(Given records):
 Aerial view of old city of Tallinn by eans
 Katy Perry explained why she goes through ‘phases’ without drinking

...

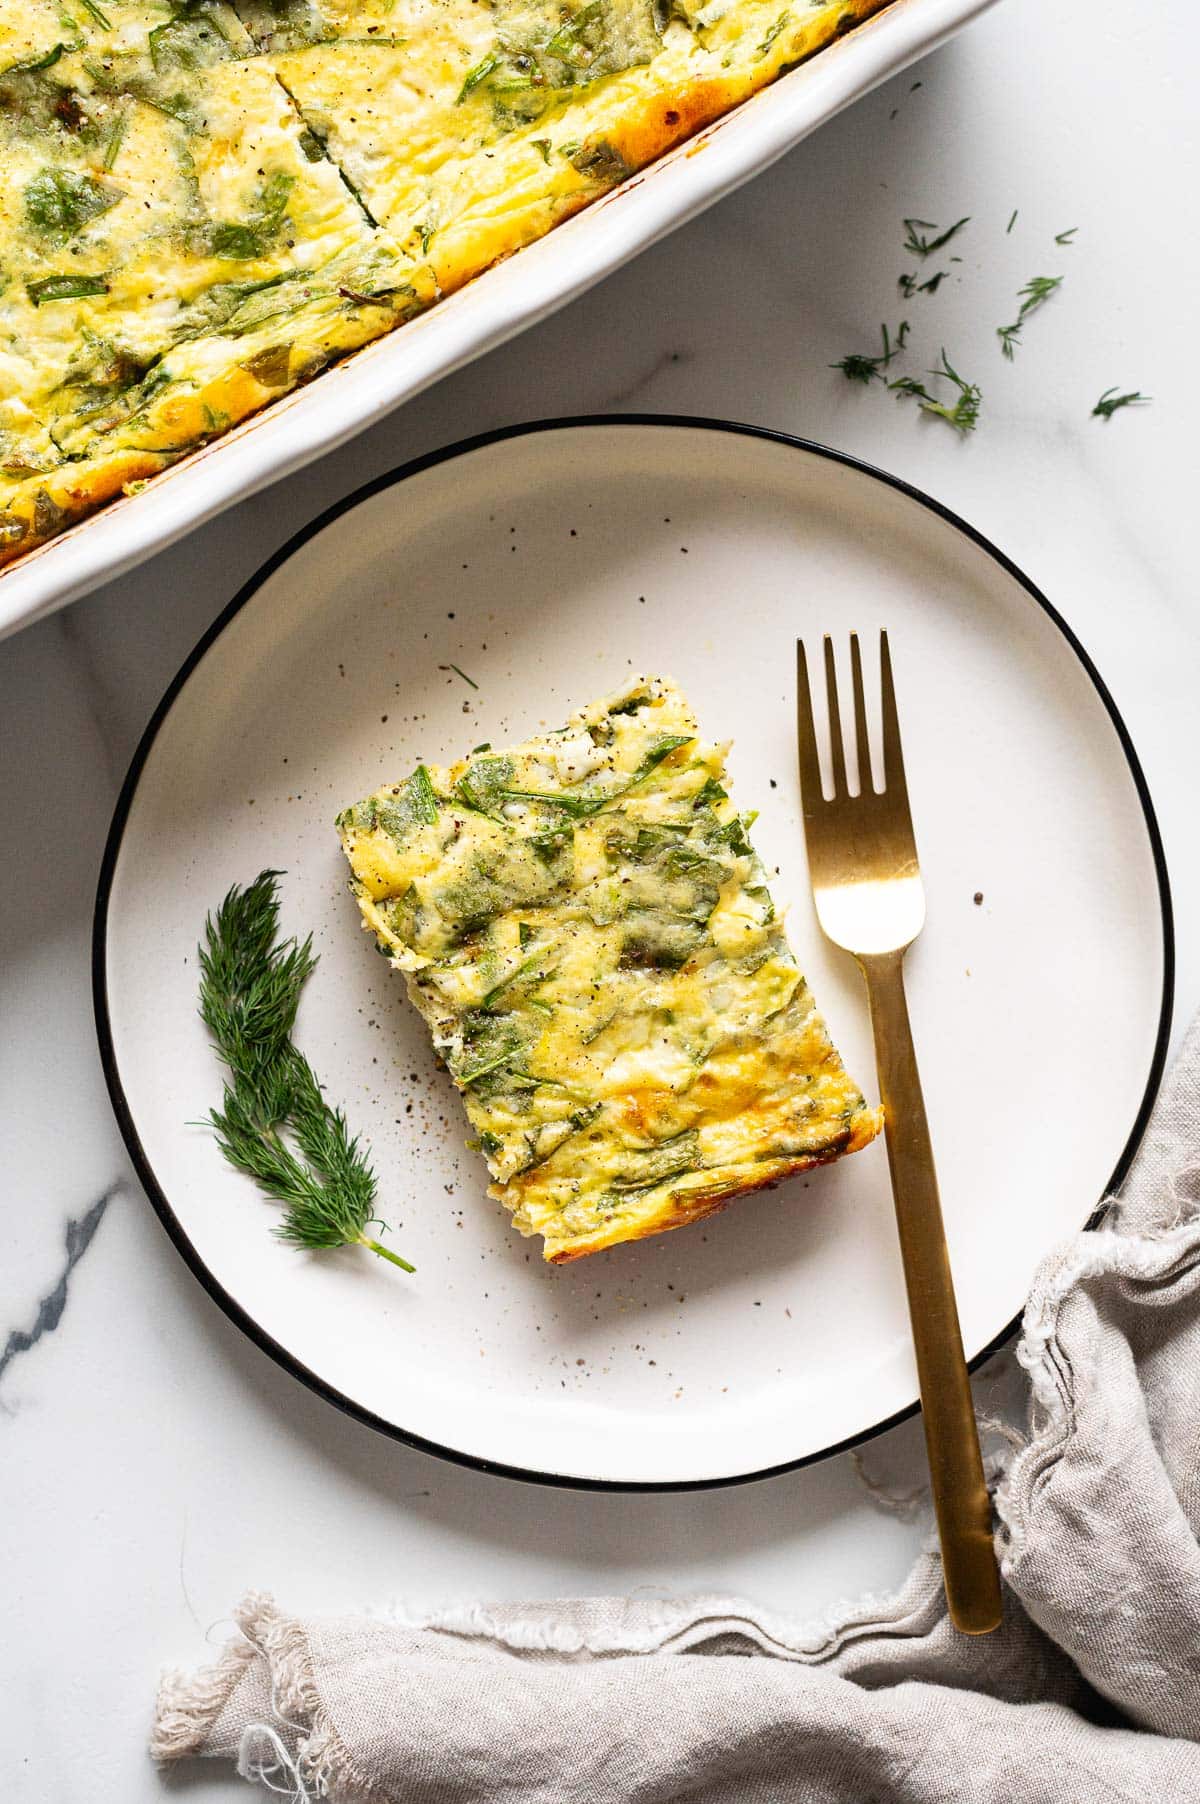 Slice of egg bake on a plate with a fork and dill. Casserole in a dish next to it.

(Task statement): For this task, write out exactly the lines of the entries above, starting at the line with "Aerial view of old city of Tallinn by eans" and ending at the line with "Katy Perry explained", both included, and no others.

(Answer for the task):
 Aerial view of old city of Tallinn by eans
 Katy Perry explained why she goes through ‘phases’ without drinking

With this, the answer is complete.